The role of stereo-electroencephalography to localize the epileptogenic zone in children with nonlesional brain magnetic resonance imaging

OBJECTIVE

This study aimed to assess the clinical outcome and outcome predictive factors in pediatric epilepsy patients evaluated with stereo-electroencephalography (SEEG).

METHODS

Thirty-eight patients who underwent SEEG implantation at the Pediatric Epilepsy Center in New York Presbyterian Hospital between June 2014 and December 2019 were enrolled for retrospective chart review. Postoperative seizure outcomes were evaluated in patients with at least 12-months follow up. Meta-analysis was conducted via electronic literature search of data reported from 2000 to 2020 to evaluate significant surgical outcome predictors for SEEG evaluation in the pediatric population.

RESULTS

In the current case series of 25 postsurgical patients with long-term follow up, 16 patients (64.0%) were seizure free.
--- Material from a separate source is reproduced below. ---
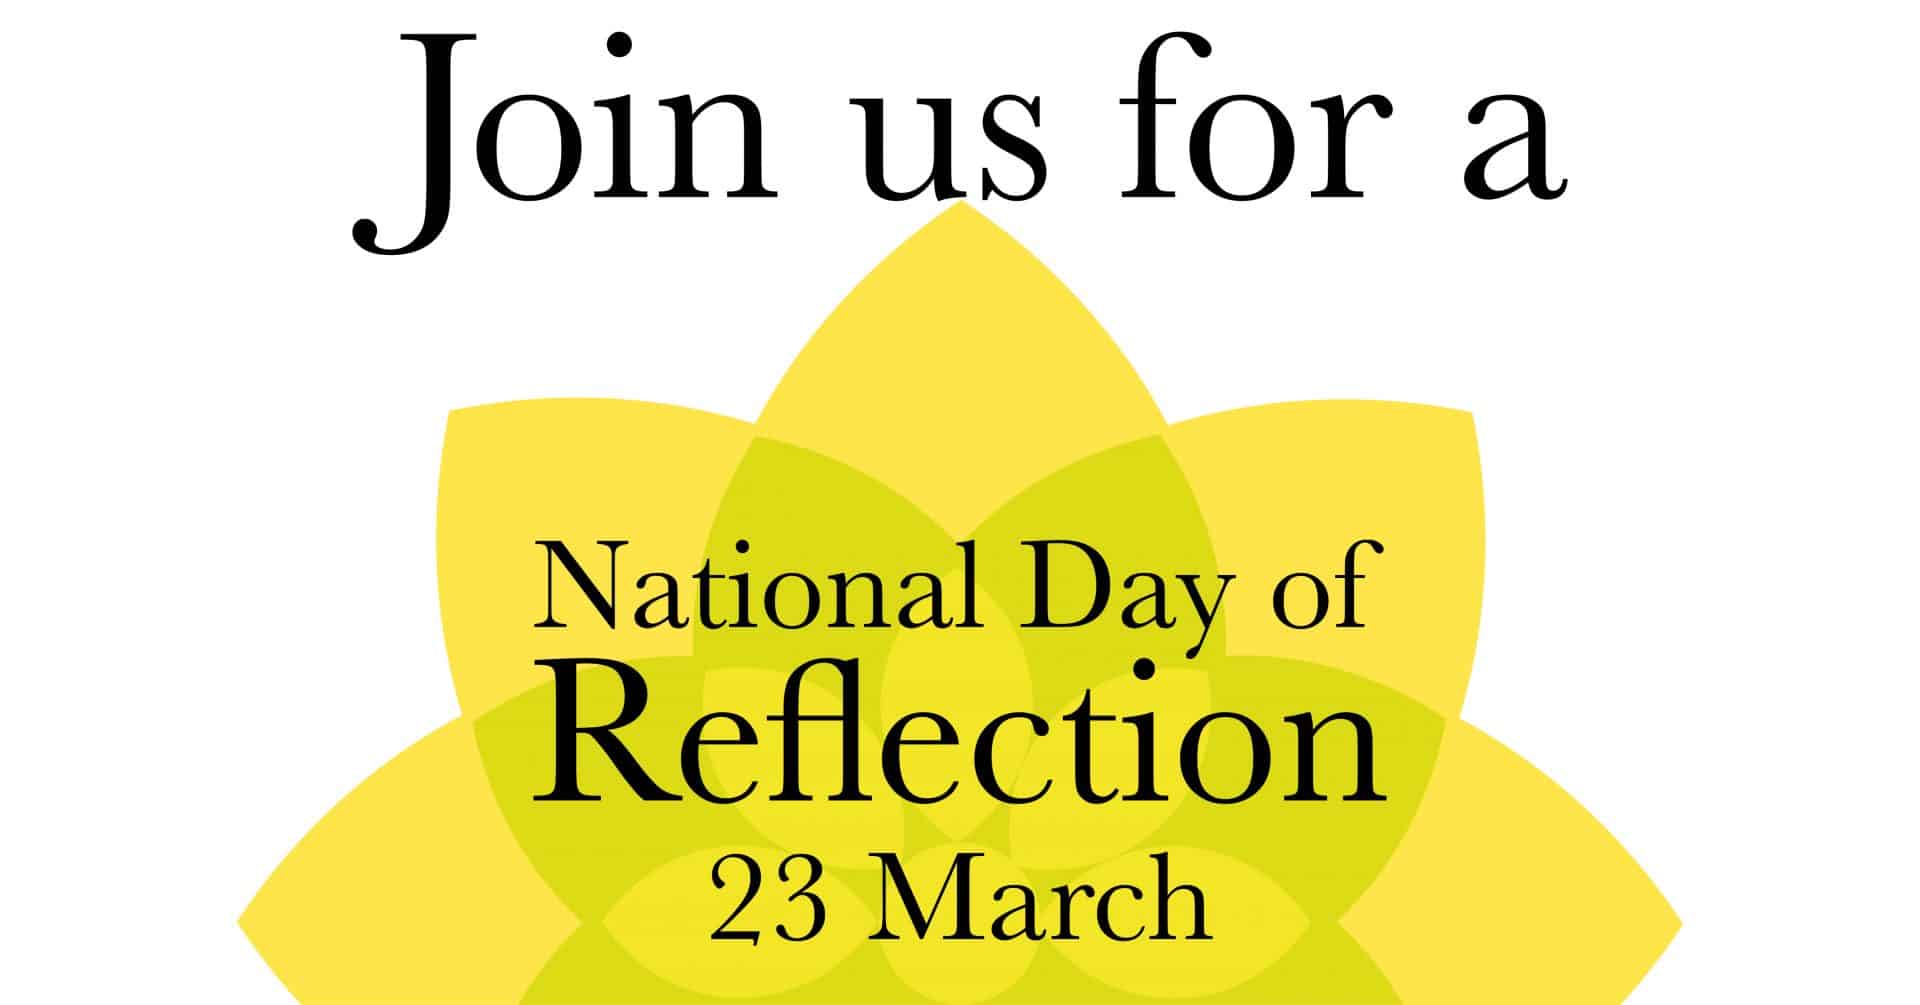 Join us in supporting today's National Day of Reflection

An additional 7 patients (28.0%) showed significant seizure improvement and 2 patients (8.0%) showed no change in seizure activity. Patients with nonlesional magnetic resonance imaging (MRI) achieved seizure freedom in 50% (5/10) of cases. By comparison, 73% (11/15) of patients with lesional MRI achieved seizure freedom. Out of 12 studies, 158 pediatric patients were identified for inclusion in a meta-analysis of the effectiveness of SEEG. Seizure freedom was reported 54.4% (n = 86/158) of patients at last follow up. Among patients with nonlesional MRI, 45% (n = 24) achieved seizure freedom compared with patients with lesional MRI findings (61.2%, n:= 60) (p = 0.02). The risk for seizure recurrence was 2.15 times higher [95% confidence interval [CI] 1.06-4.37, p = 0.033] in patients diagnosed with nonlesional focal epilepsy compared to those with lesional epilepsy [ 1.49 (95% CI 1.06-2.114, p = 0.021].

CONCLUSION

Evaluation by SEEG implantation in pediatric epilepsy is effective in localizing the epileptogenic zone with favorable outcome. Presence of a non-lesional brain MRI was associated with lower chances of seizure freedom. Further research is warranted to improve the efficacy of SEEG in localizing the epileptogenic zone in pediatric patients with non-lesional brain MRI.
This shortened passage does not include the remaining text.